Судно наше окружила целая флотилия лодок. Я вскочил в одну из них, где на веслах сидел негритенок, и скоро причалил к набережной близ сарацинских ворот; их серая руина при входе в кабильский город напоминала щит старинного дворянского герба.
Я стоял в порту со своим чемоданом, глядя на рейд, где бросило якорь наше огромное судно, зачарованный этим несравненным побережьем с полукругом гор, омываемых синими волнами, таким же прекрасным, как берега Аяччо и Ла-Порто в Корсике, превосходящим своей красотой берег Неаполя, как вдруг чья-то рука тяжело опустилась на мое плечо.
Обернувшись, я увидел рядом высокого мужчину с длинной бородой, в соломенной шляпе и в белом фланелевом костюме, пристально глядевшего на меня голубыми глазами.
– Если не ошибаюсь, вы были когда-то моим школьным товарищем? – сказал он.
– Возможно. Как ваша фамилия?
– Тремулен.
– Ну конечно, ты даже был в классе моим соседом.
– Да, старина. Я-то сразу тебя узнал.
И он потерся своей длинной бородой о мои щеки.
Он, видимо, был так доволен, так счастлив, так рад встрече со мной, что я сам в порыве дружеского эгоизма крепко пожал обе руки моего старого школьного товарища, почувствовав, что и мне очень приятно с ним свидеться.
В течение четырех лет Тремулен был самым закадычным, самым близким из моих школьных товарищей, которых мы, едва покинув коллеж, так быстро забываем. Он был тогда долговязым, худощавым юношей с непомерно большой круглой головой, слишком тяжелой для его шеи и потому болтавшейся то вправо, то влево и тяжестью своей давившей на узкую грудь высокого, длинноногого школьника.
Очень развитой, одаренный удивительными способностями, редкой гибкостью ума, какой-то врожденной интуицией в занятиях словесностью, Тремулен всегда получал первые награды.
В коллеже были убеждены, что ему суждено стать знаменитостью – поэтом, конечно, так как он писал стихи и был неистощим по части всевозможных замысловатых чувствительных фантазий. Его отец, владелец аптеки в квартале Пантеона, слыл человеком небогатым.
Сдав экзамен на бакалавра, мы потеряли друг друга из вида.

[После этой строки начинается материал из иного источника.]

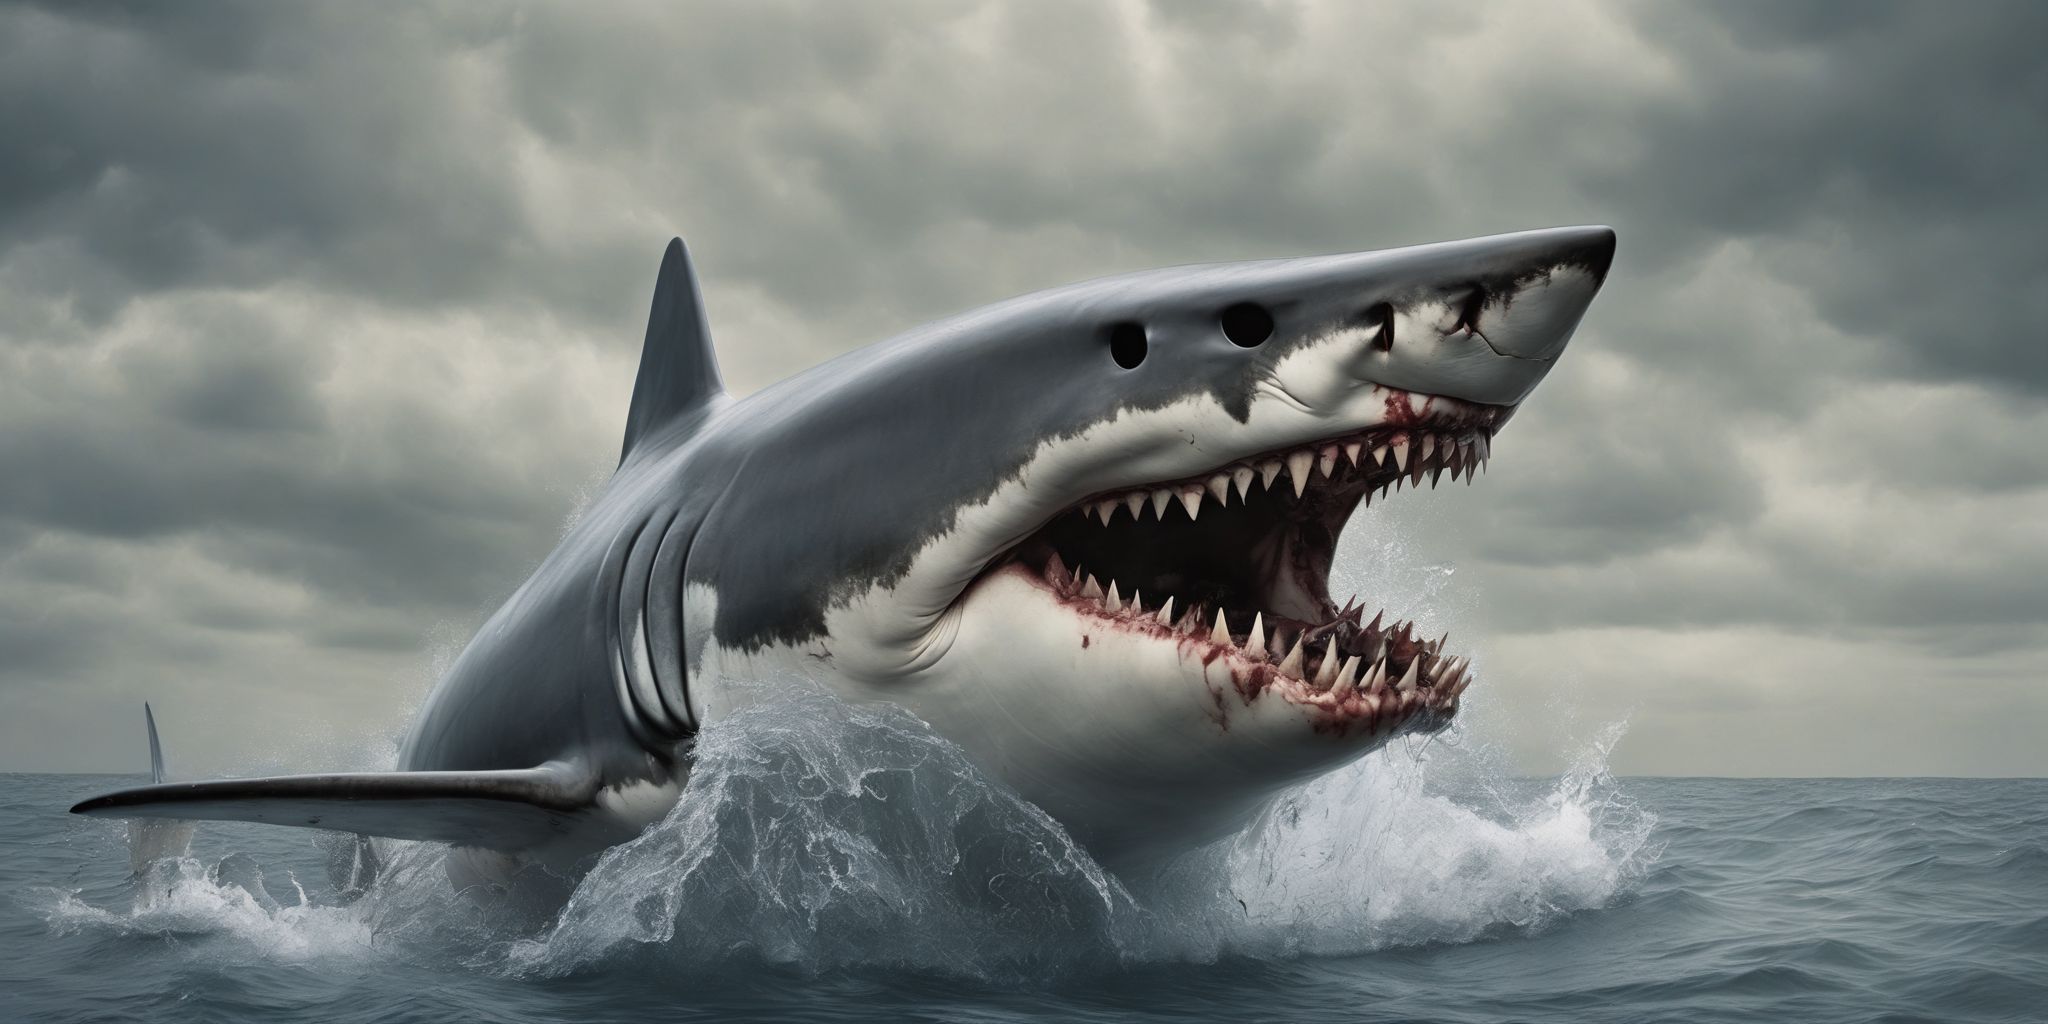 Jaws  in realistic, photographic style
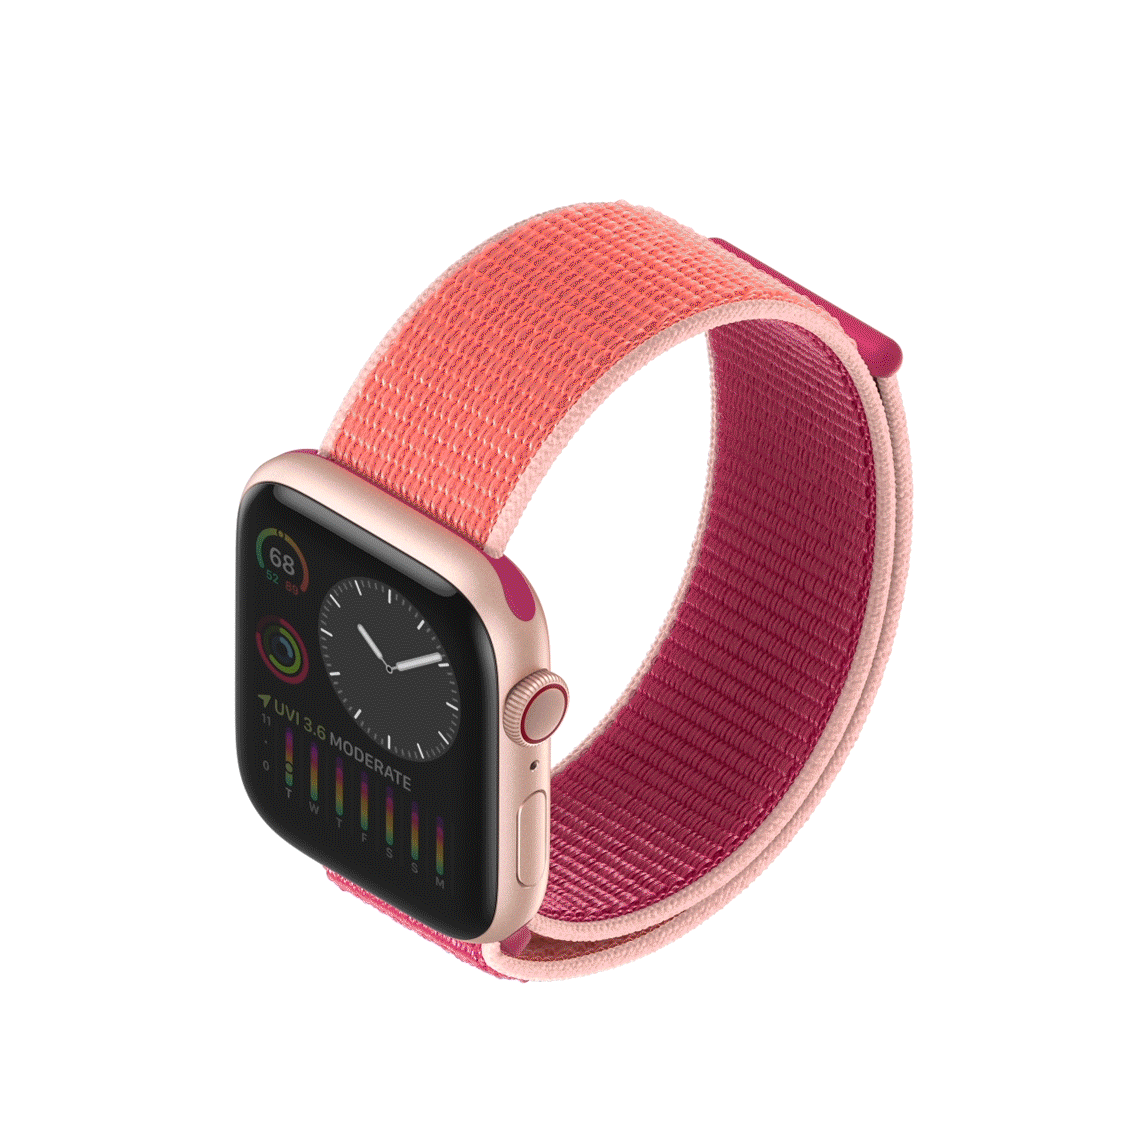 Apple Watch Series 5 comes with Always-On Retina Display, among other things 28

– Ты что тут делаешь? – воскликнул я.
Он ответил, улыбаясь:
– Я колонист.
– Вот как? Насаждаешь?
– И снимаю урожай.
– Чего?
– Винограда, из которого делаю вино.
– Успешно?
– Да, очень успешно.
– Тем лучше, старина.
– Ты направлялся в отель?
– Ну да, конечно.
– Пойдешь ко мне.
– Но…
– Без разговоров…
И он сказал негритенку, следившему за каждым нашим движением:
– Ко мне домой, Али.
Али ответил:
– Та, муси.
И, взвалив на плечи чемодан, он бросился бежать, вздымая пыль своими черными пятками.
Тремулен взял меня под руку и повел. Тут же он стал расспрашивать меня о путешествии, о вынесенных мною впечатлениях и при виде моего энтузиазма, казалось, полюбил меня еще больше.
Жилищем ему служил старый мавританский дом с внутренним двором, без окон на улицу, увенчанный большой галереей, с которой открывался вид на террасы соседних домов, на залив, и леса, и горы, и море.
Я воскликнул:
– Как мне здесь нравится! В этом доме я всей душой чувствую Восток. Бог мой, какой ты счастливец, что живешь здесь. Какие ночи проводишь ты, вероятно, на этой террасе. Ведь ты здесь ночуешь, не правда ли?
– Да, летом ночую. Мы посидим там наверху сегодня вечером. Ты любишь рыбную ловлю?